The visual is the easiest to get down in ink. We grow up telling people what things look like, much more so than what they feel, taste, sound, or smell like.

Years ago I read an essay by a woman who was born without a sense of smell. She spent her life asking people to describe smells to her. Disappointingly, they always described one smell in terms of a similar smell. Then, she tells us, she was a first date with a man who told her the wine they were drinking smelled like when you put a grape in your mouth and you get that dry, puckering sensation, but when you bite into it your tongue is flooded with the juice inside that dusty skin. She fell in love with him then and there, and they married.

That story (I’m sorry I don’t remember who wrote it or where I read it) perfectly illustrates the power of capturing sensory details in your descriptive narrative. You do want your reader to fall in love with your work, right?

You’re nodding your head. That’s good.    fall in love

Now, there are two problems in this category I see over and over. We’ll call the category Using Sensory Details. We’ll call the problems 1 and 2.

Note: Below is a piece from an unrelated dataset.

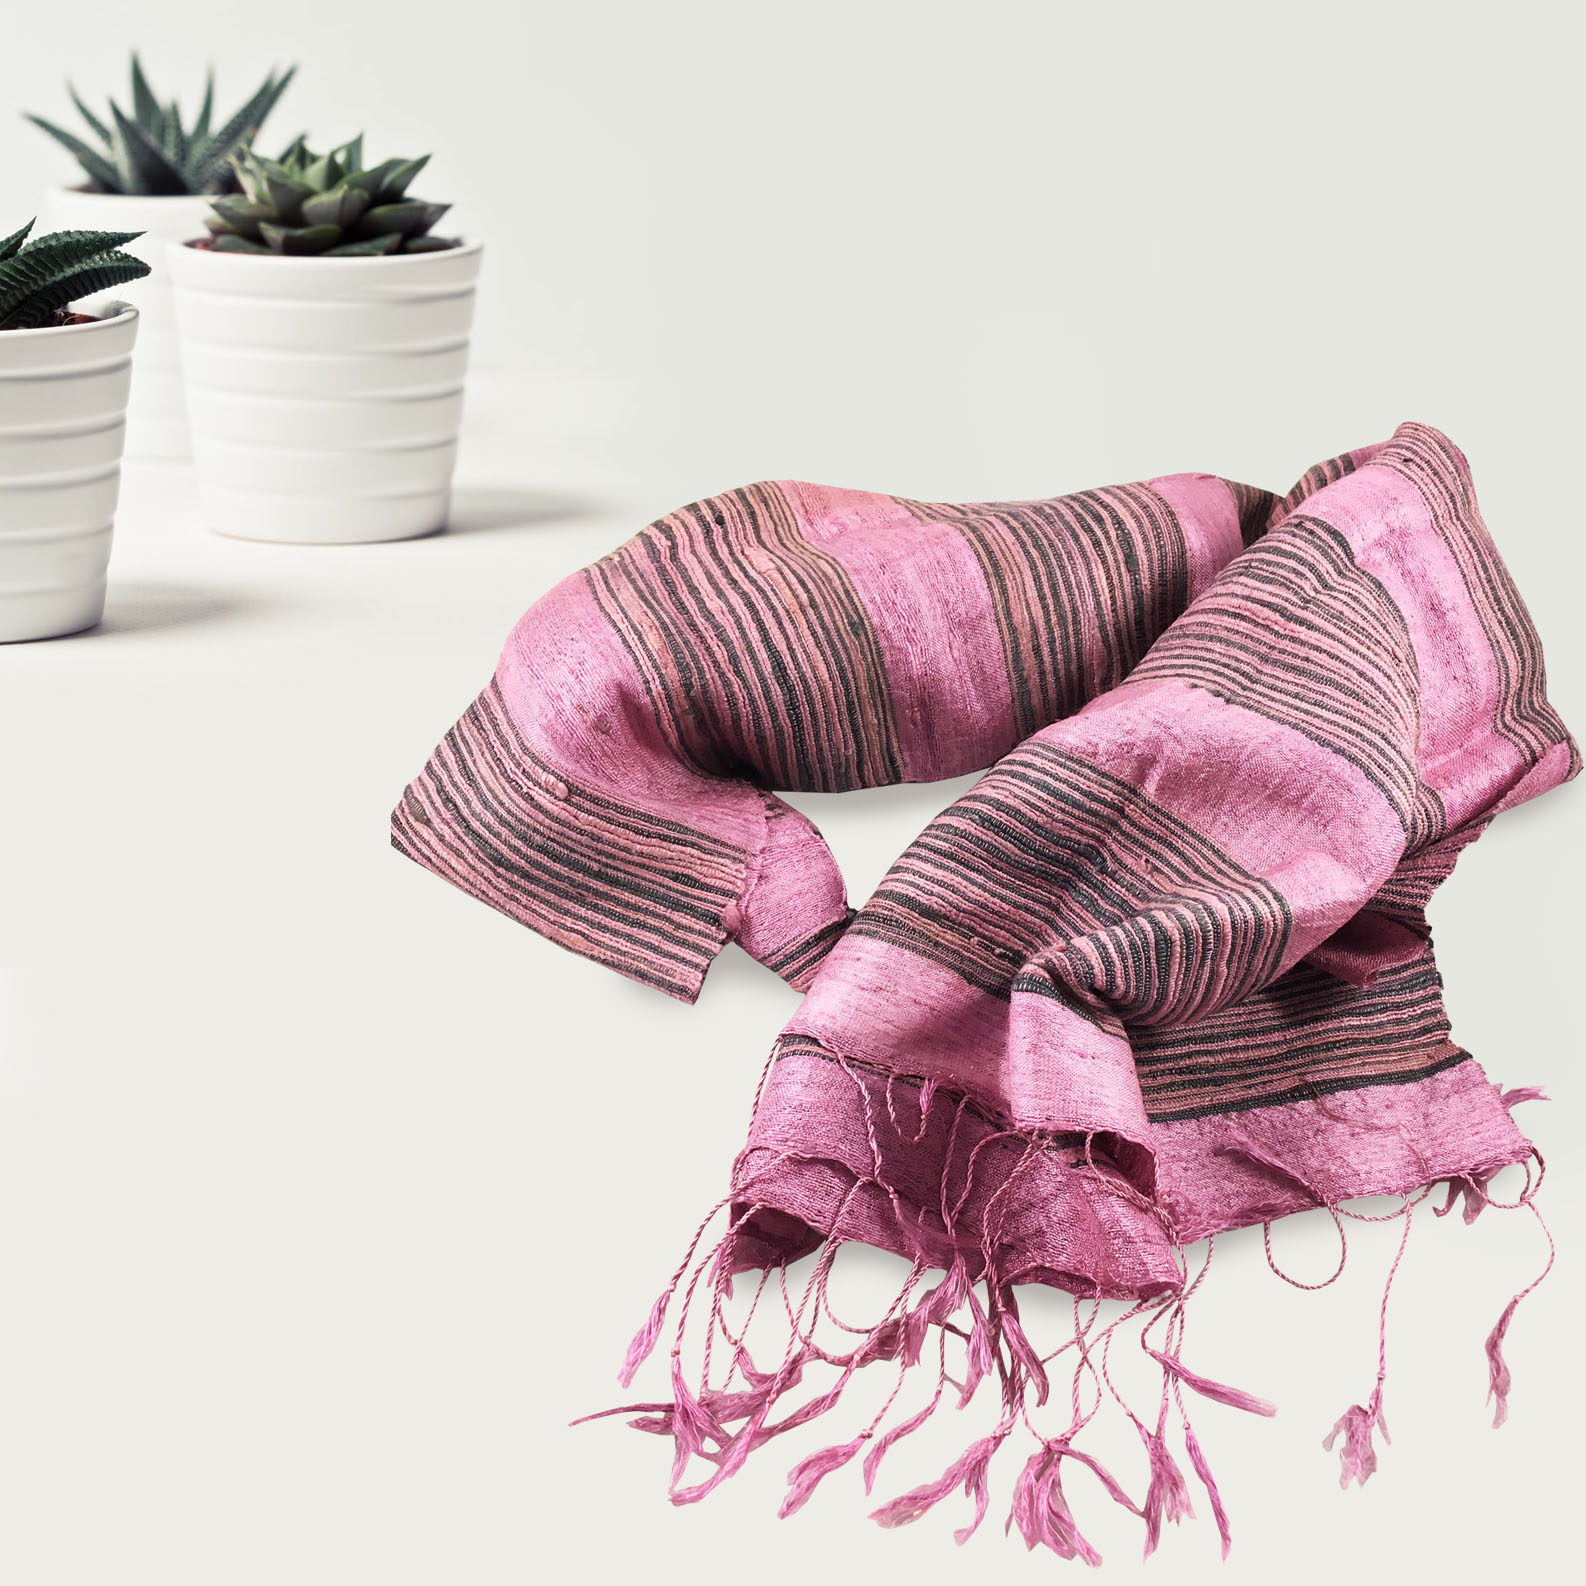 Hand-woven Thai silk scarf available in more options

1. People only write the visual and neglect the other four senses completely.

That one is easy enough to remedy. Put a sticky note on your computer or notepad that says, “What does it smell like? Taste like? Feel like? Sound like?” If you don’t write multiple sensory descriptions in the first draft, this will remind you to flesh out your story in revisions.

2. People focus on dialogue almost exclusively, neglecting the art of world-building. Manuscripts, and sometimes published books, read like they’re being played out against a green screen. Or like they’re a play script with stage directions framing blocks of dialogue.

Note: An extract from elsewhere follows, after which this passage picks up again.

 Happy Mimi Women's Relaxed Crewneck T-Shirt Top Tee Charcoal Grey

The fix for this requires more than a sticky note. It requires careful attention to craft. It requires world-building from the ground up. Or space station out. No matter what kind of world you’re building, your characters will have some kind of senses they use to capture, record, and interpret that world. And if your characters don’t, your readers do!

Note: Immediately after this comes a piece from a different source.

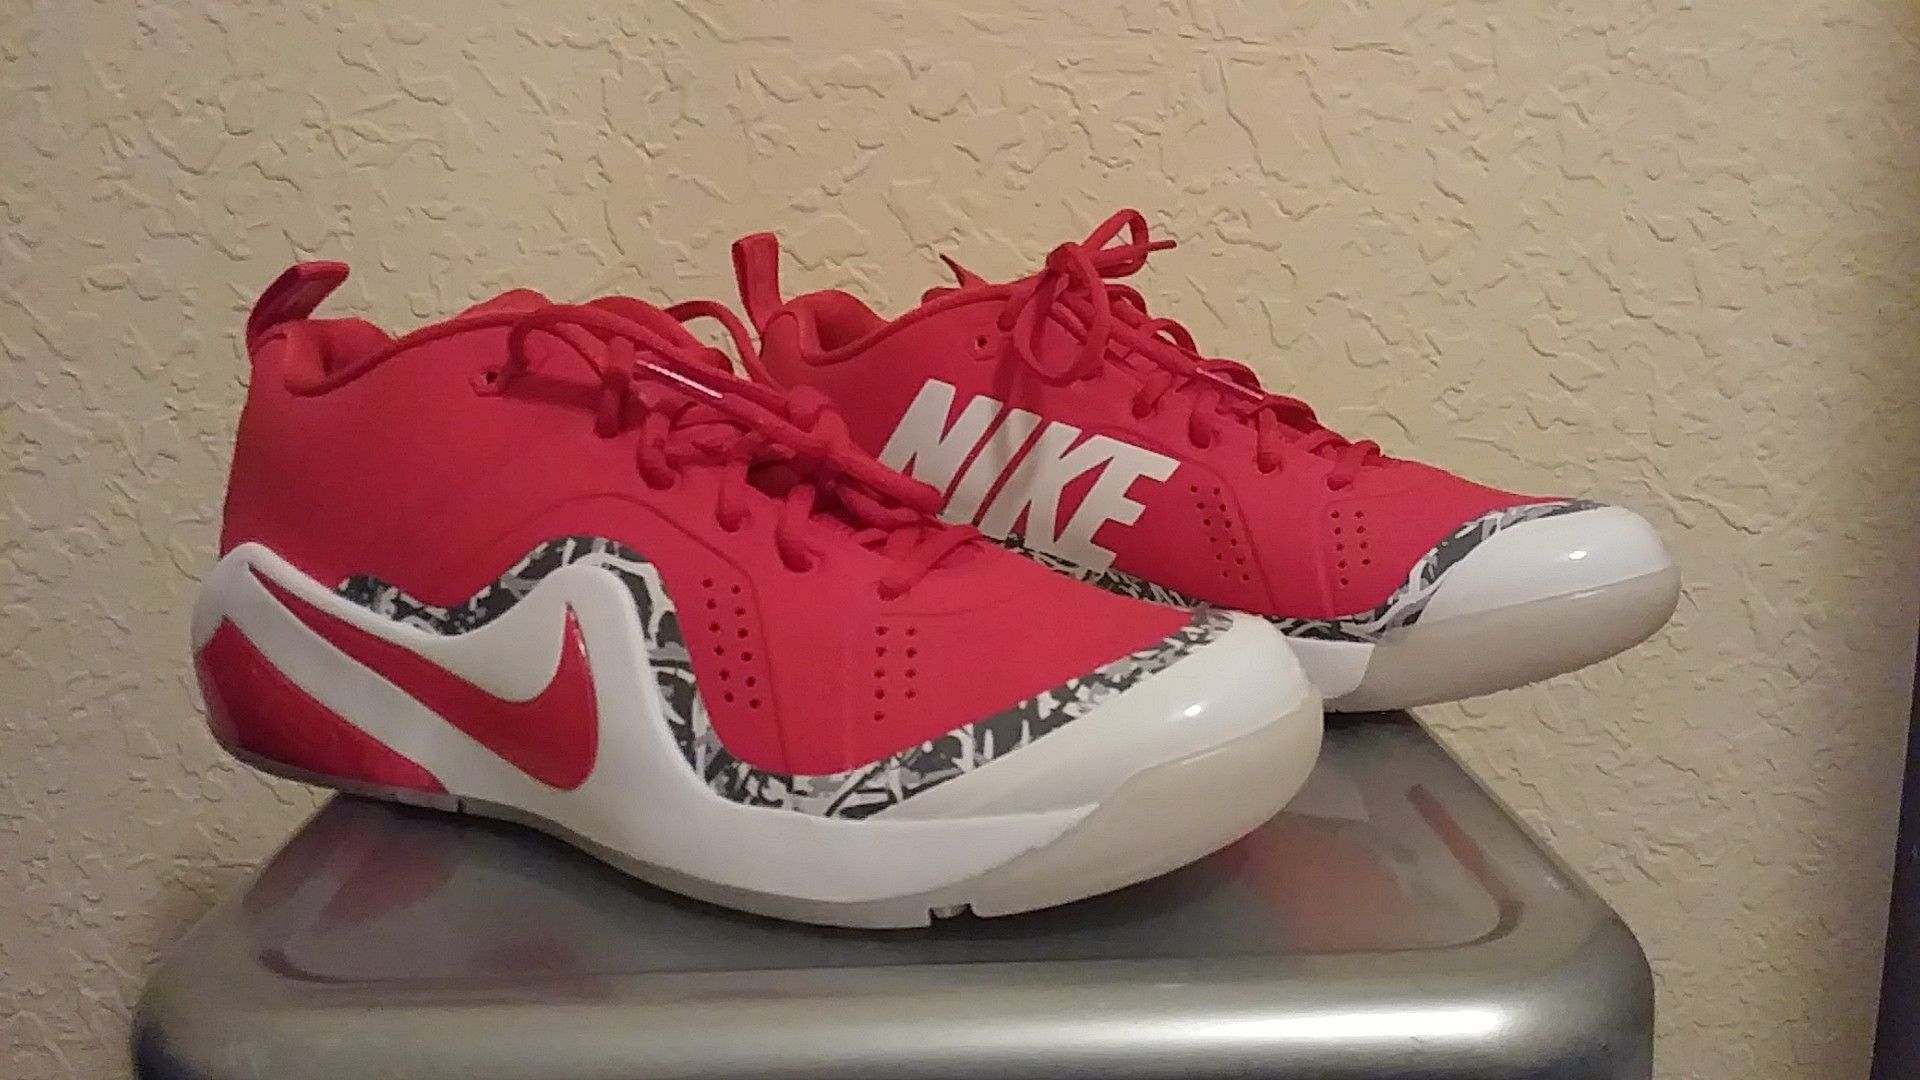 Mike trout shoes by Nike size 10.5

Readers read in order to live vicariously through the characters on the page, to experience the worlds either strange or relatable that are not their own. To fail to develop that world is to do your readers a disservice.

I have a theory about why I’m seeing so much of this. It’s just a theory. I have no evidence either way.

So much of our media consumption is visual—TV, movies, web—that we are used to viewing worlds on a screen. And when we do, our focus is on the characters moving about and delivering dialogue. As such, we as a culture of story consumers, have learned to take for granted everything going on around the main actors.

VICARIOUSLY

Whether you’re sitting in the house at the Guthrie or the Cineplex, what is before you is the product of a creative team: set designer, props master, costume designer, sound engineer, etc. That is, everything going on behind and around the characters delivering the dialogue and bodily motions, has been carefully orchestrated to create an effect. To bring that world to life for the audience.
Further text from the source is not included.